5. The method of claim 1, wherein feature alignment and feature fusion of the target text feature and the target image feature comprises:

splicing the target text features and the target image features;

and carrying out weighting processing and full connection processing based on an attention mechanism based on the splicing result and the position embedded vector through a pre-training coding model to obtain the fusion characteristic.

6. The method of claim 1, wherein predicting the mask content for the fused feature comprises:

Determining target fusion characteristics from the fusion characteristics according to the masking positions of the masking contents;

and determining the probability of the target fusion feature on each preset category word so as to obtain the first prediction result.

7. The method of claim 6, wherein determining training loss information based on the first prediction result and the second prediction result comprises:

determining first loss information according to the first prediction result and the masking content corresponding to the masking position;

determining second loss information according to the cross entropy loss between the second prediction result and the image-text matching label;

and carrying out weighting processing on the first loss information and the second loss information based on the loss weight, and determining the training loss information.

8. The method of claim 7, wherein training the language characterization module, the visual characterization module, and the multi-modal alignment module according to the training loss information comprises:

adjusting model parameters of the language characterization module, the visual characterization module, the multi-modal alignment module, the first pre-training task, the second pre-training task, and the loss weights with the aim of minimizing the training loss information;

And determining the multi-modal pre-training model according to the language characterization module, the visual characterization module and the multi-modal alignment module which are obtained after training.

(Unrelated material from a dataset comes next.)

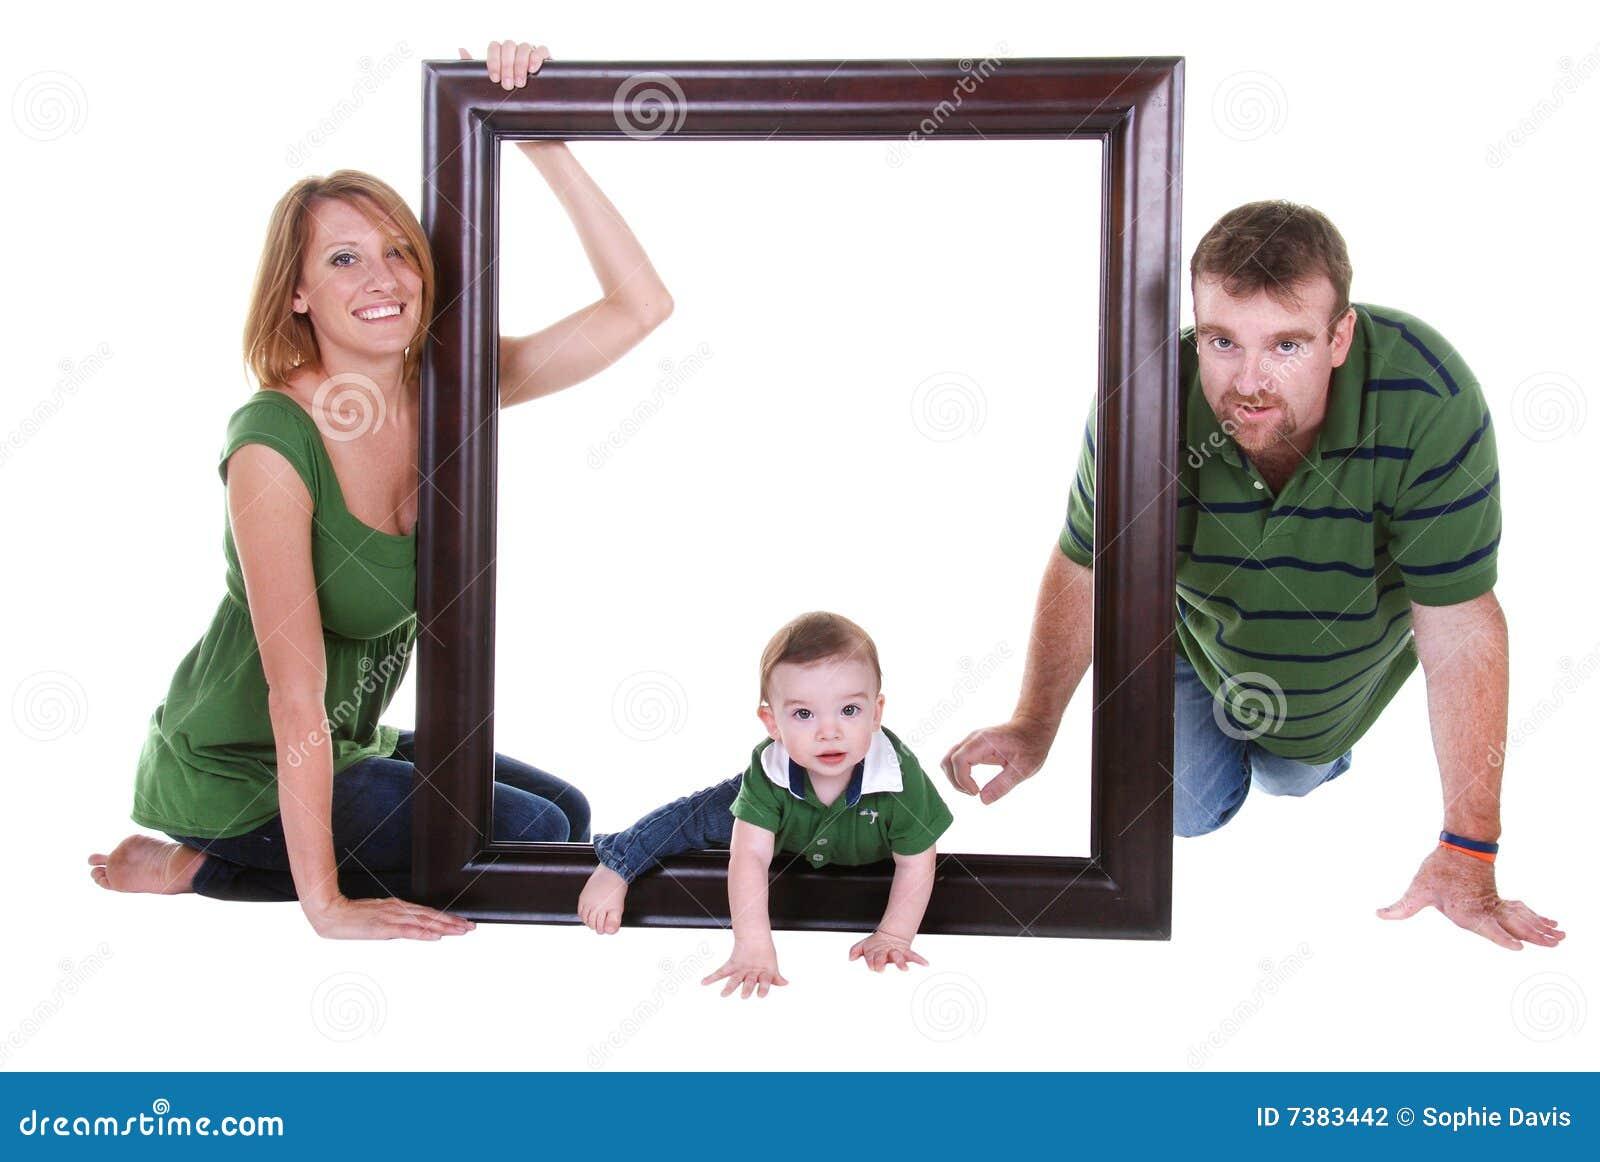 Familjbild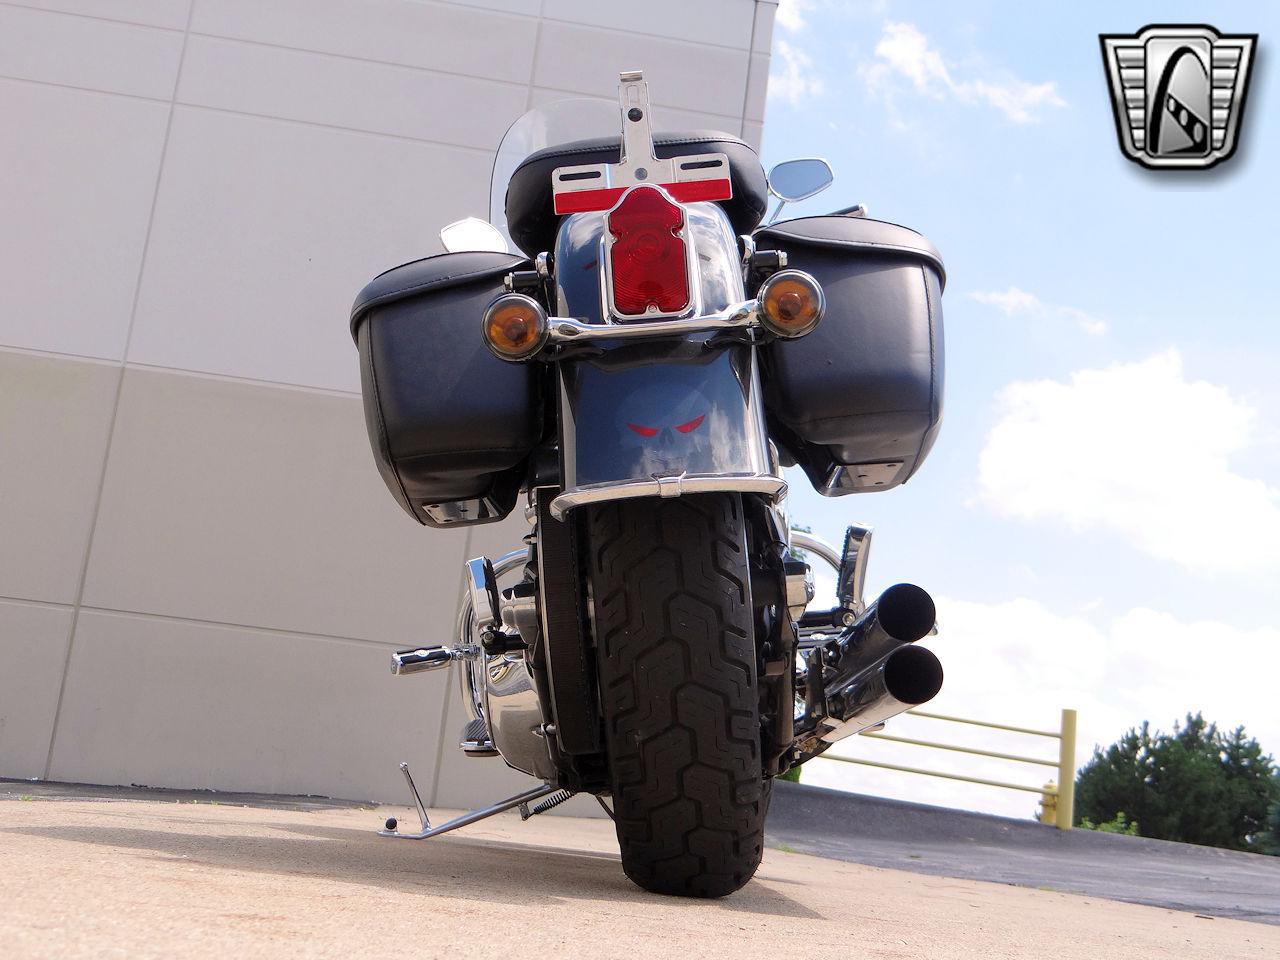 2006 Harley Davidson FLSTNI 31

9. A method of multi-modal data processing comprising:

acquiring multi-mode data to be processed;

inputting the multi-modal data to be processed into a multi-modal data processing model for data processing, wherein the multi-modal data processing model is obtained by performing task migration training based on the multi-modal pre-training model obtained in any one of claims 1-8.

10. A training device for a multimodal pre-training model, the device comprising:

the feature extraction module is configured to perform feature extraction on the target training text to obtain target text features; extracting features of the target training image to obtain target image features; the target training text and the target training image are obtained by performing content masking on an original training sample;

the multi-mode alignment module is configured to perform feature alignment and feature fusion on the target text features and the target image features to obtain fusion features;

the prediction module is configured to predict the masking content of the fusion characteristics to obtain a first prediction result; performing image-text matching prediction on the fusion characteristics to obtain a second prediction result;

A loss determination module configured to determine training loss information based on the first prediction result and the second prediction result;

and the training module is configured to train the language characterization module, the visual characterization module and the multi-modal alignment module according to the training loss information so as to obtain a multi-modal pre-training model.

11. An electronic device, comprising: one or more processors; and

storage means for storing one or more programs which when executed by the one or more processors cause the one or more processors to implement the method of any of claims 1 to 9.

12. A computer readable storage medium, on which a computer program is stored, characterized in that the program, when being executed by a processor, implements the method according to any one of claims 1 to 9.